What you need to do :: Every picture is to be removed, and all the data is to be copied exactly.

Collected material ::
+++++

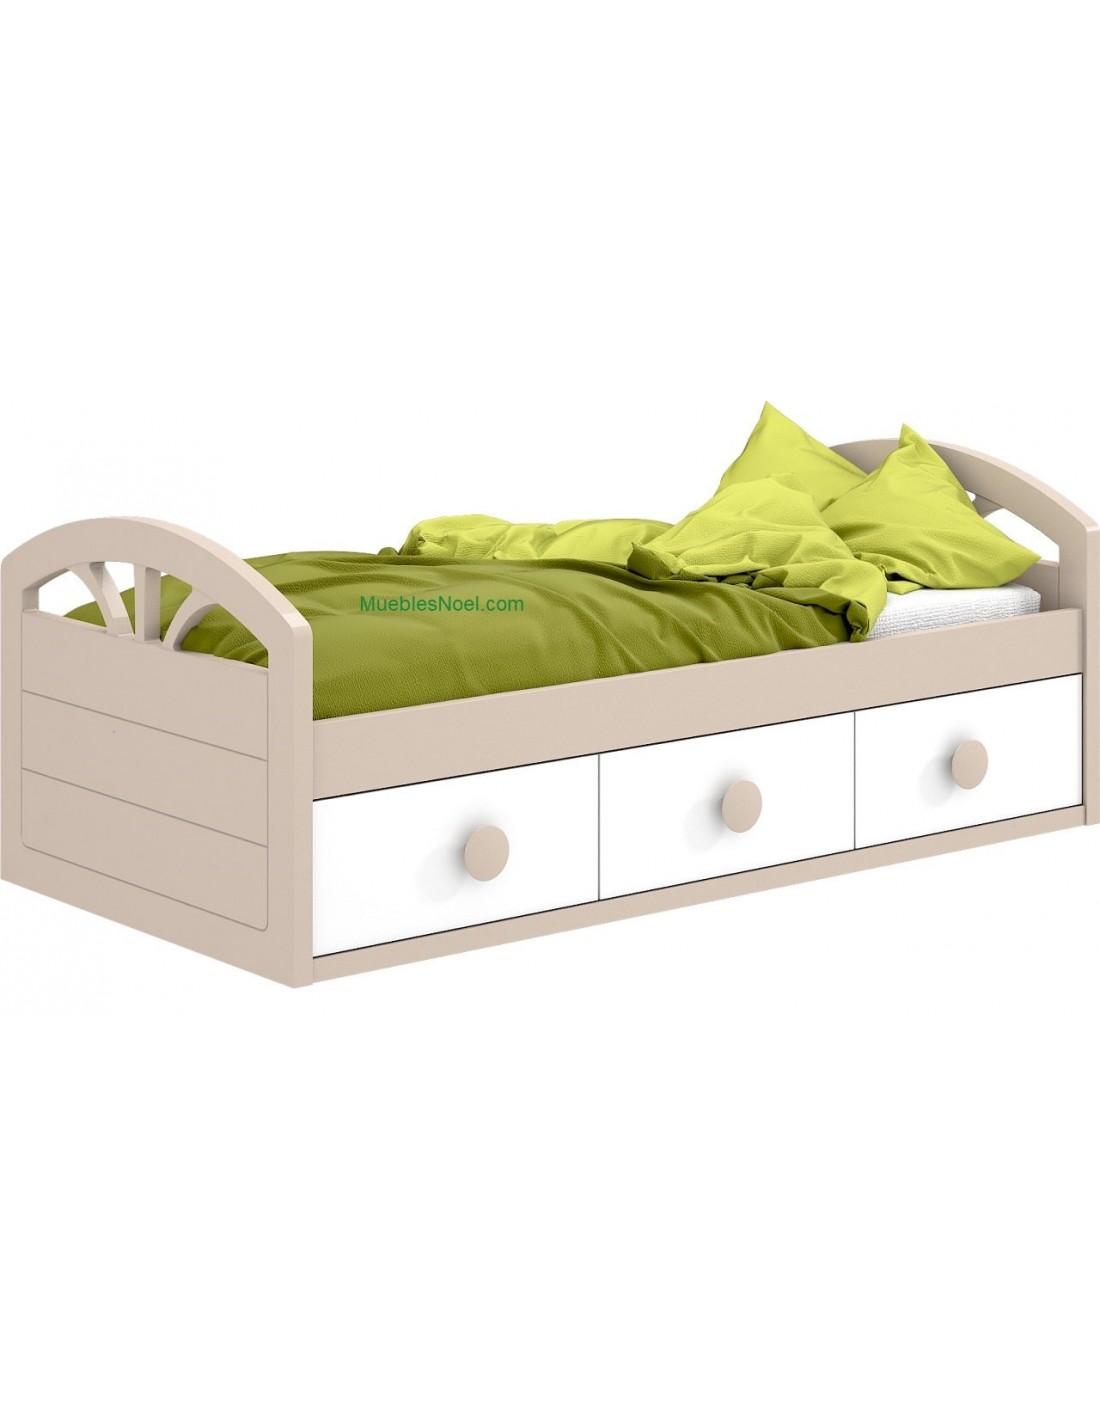 Comprar cama nido divan con cajones tienda muebles online for Cama divan con cajones
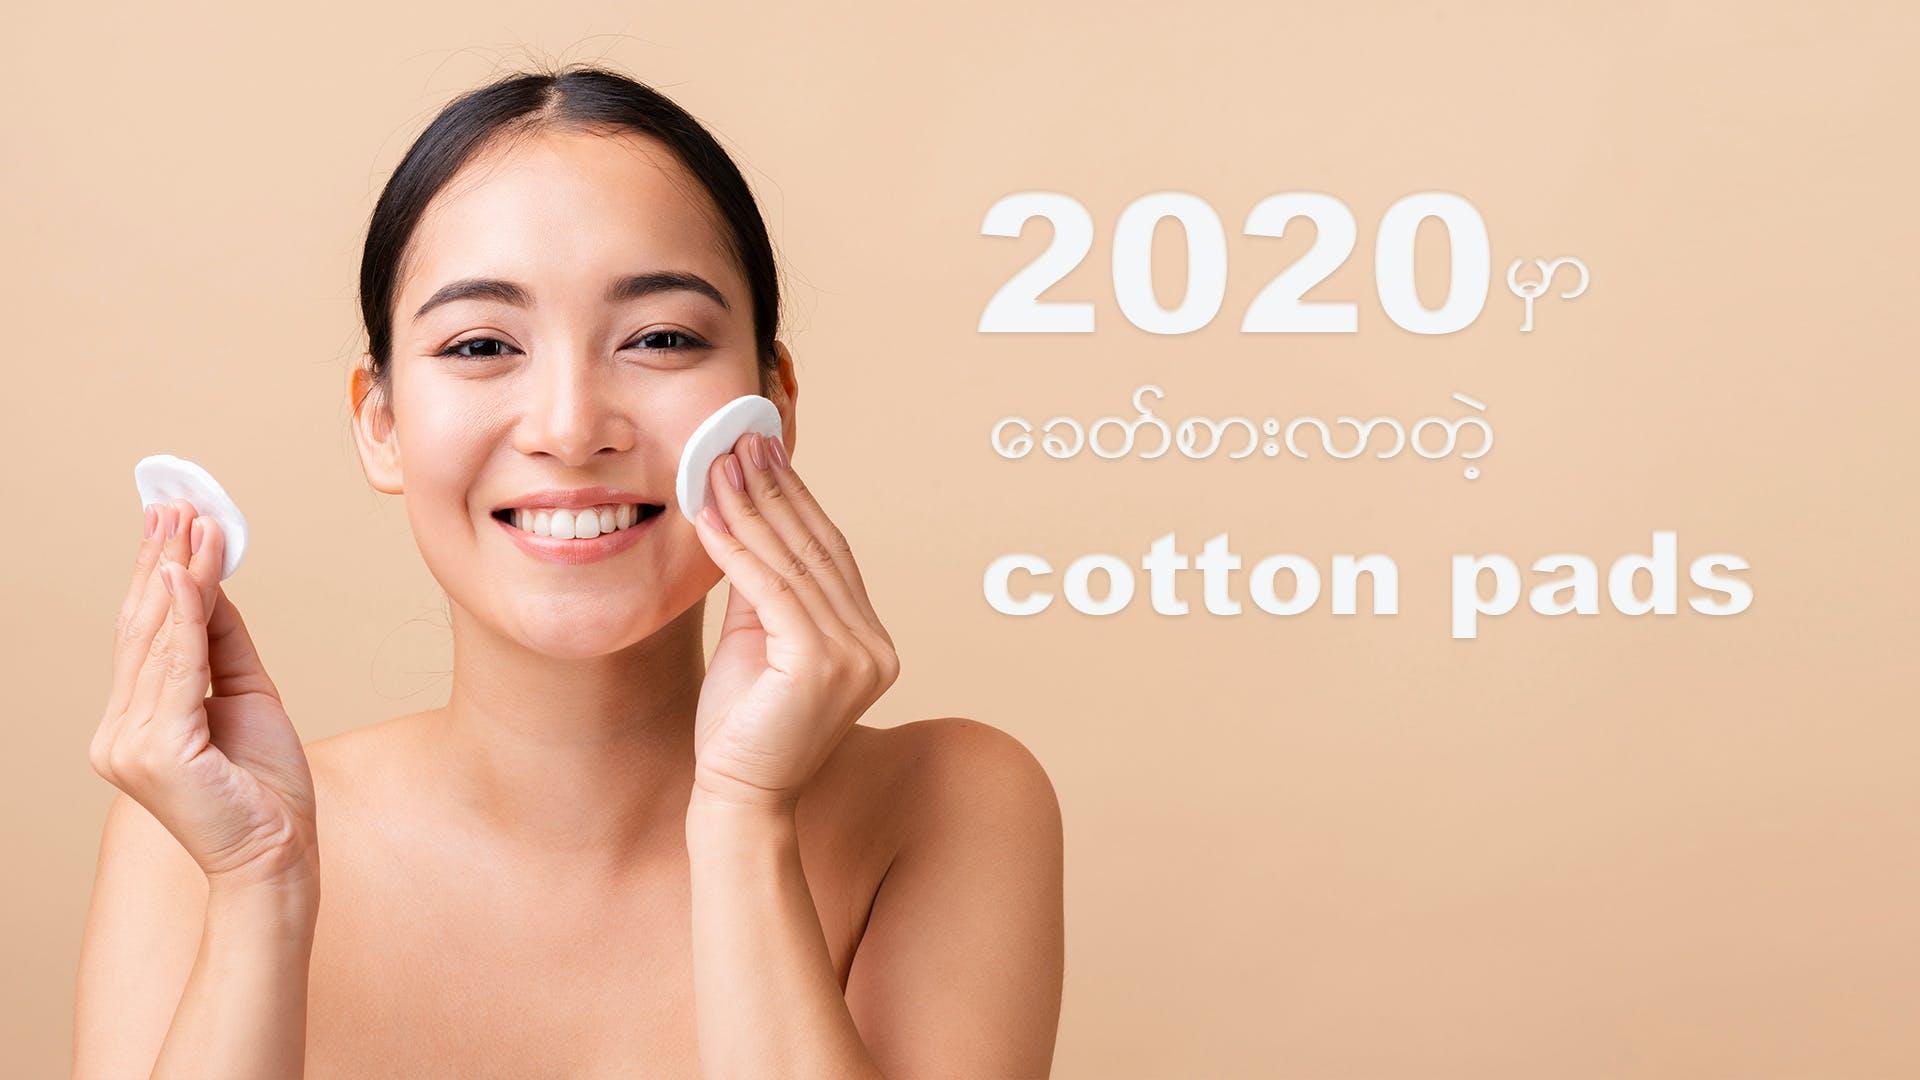 ၂၀၂၀ မှာ ခေတ်စားလာပြီး ပြန်လည်အသုံးပြုနိုင်တဲ့ Makeup remover
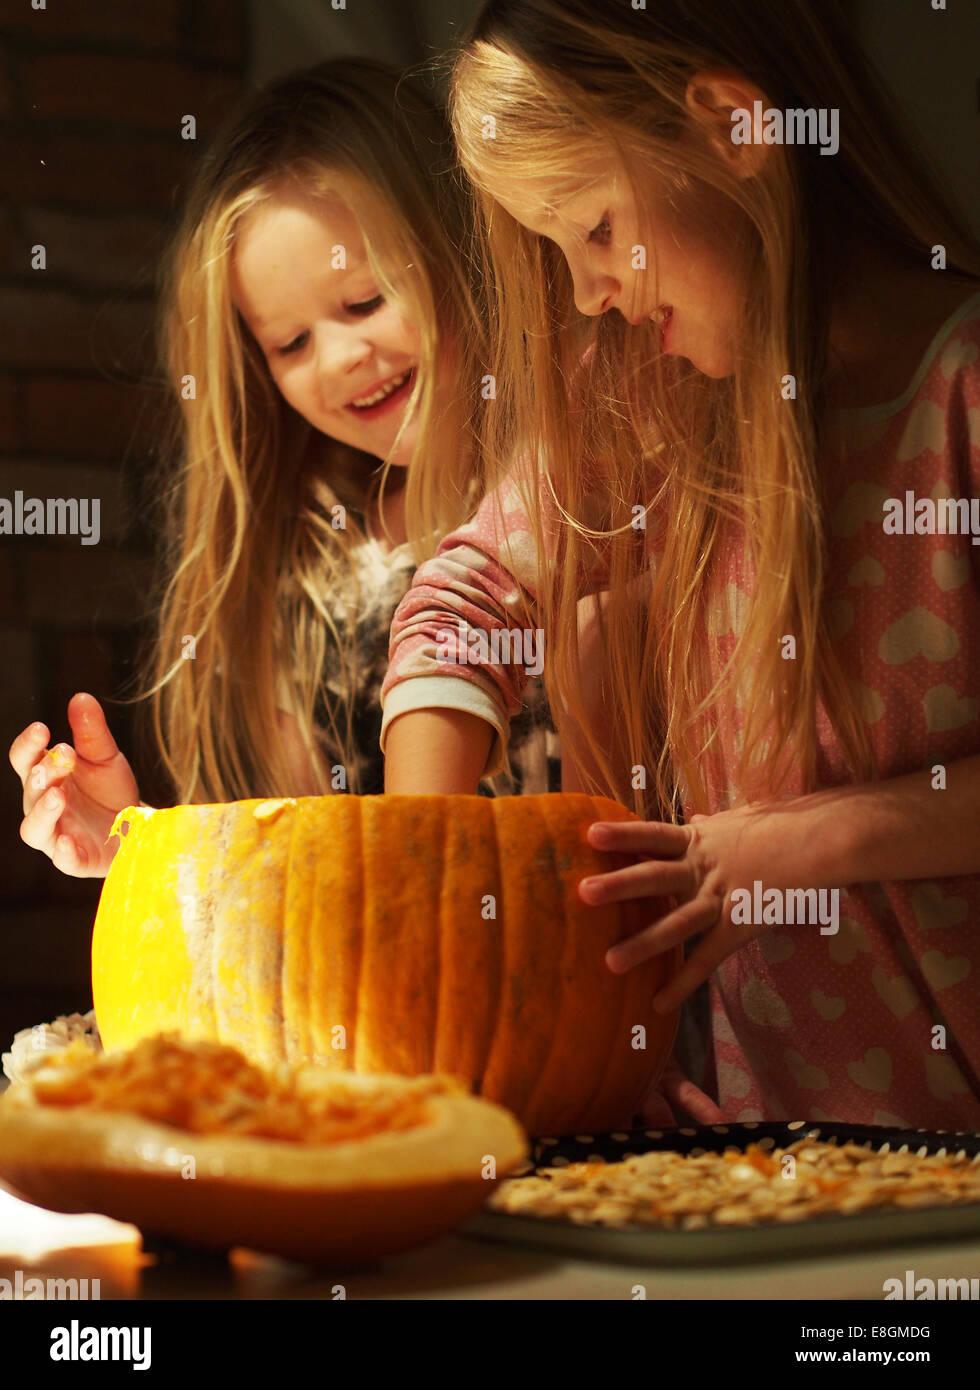 La Svezia, ragazze preparare (6-7), (8-9) la zucca di Halloween Immagini Stock

+++++

Exercise response ::
 Comprar cama nido divan con cajones tienda muebles online for Cama divan con cajones
 ၂၀၂၀ မှာ ခေတ်စားလာပြီး ပြန်လည်အသုံးပြုနိုင်တဲ့ Makeup remover
 La Svezia, ragazze preparare (6-7), (8-9) la zucca di Halloween Immagini Stock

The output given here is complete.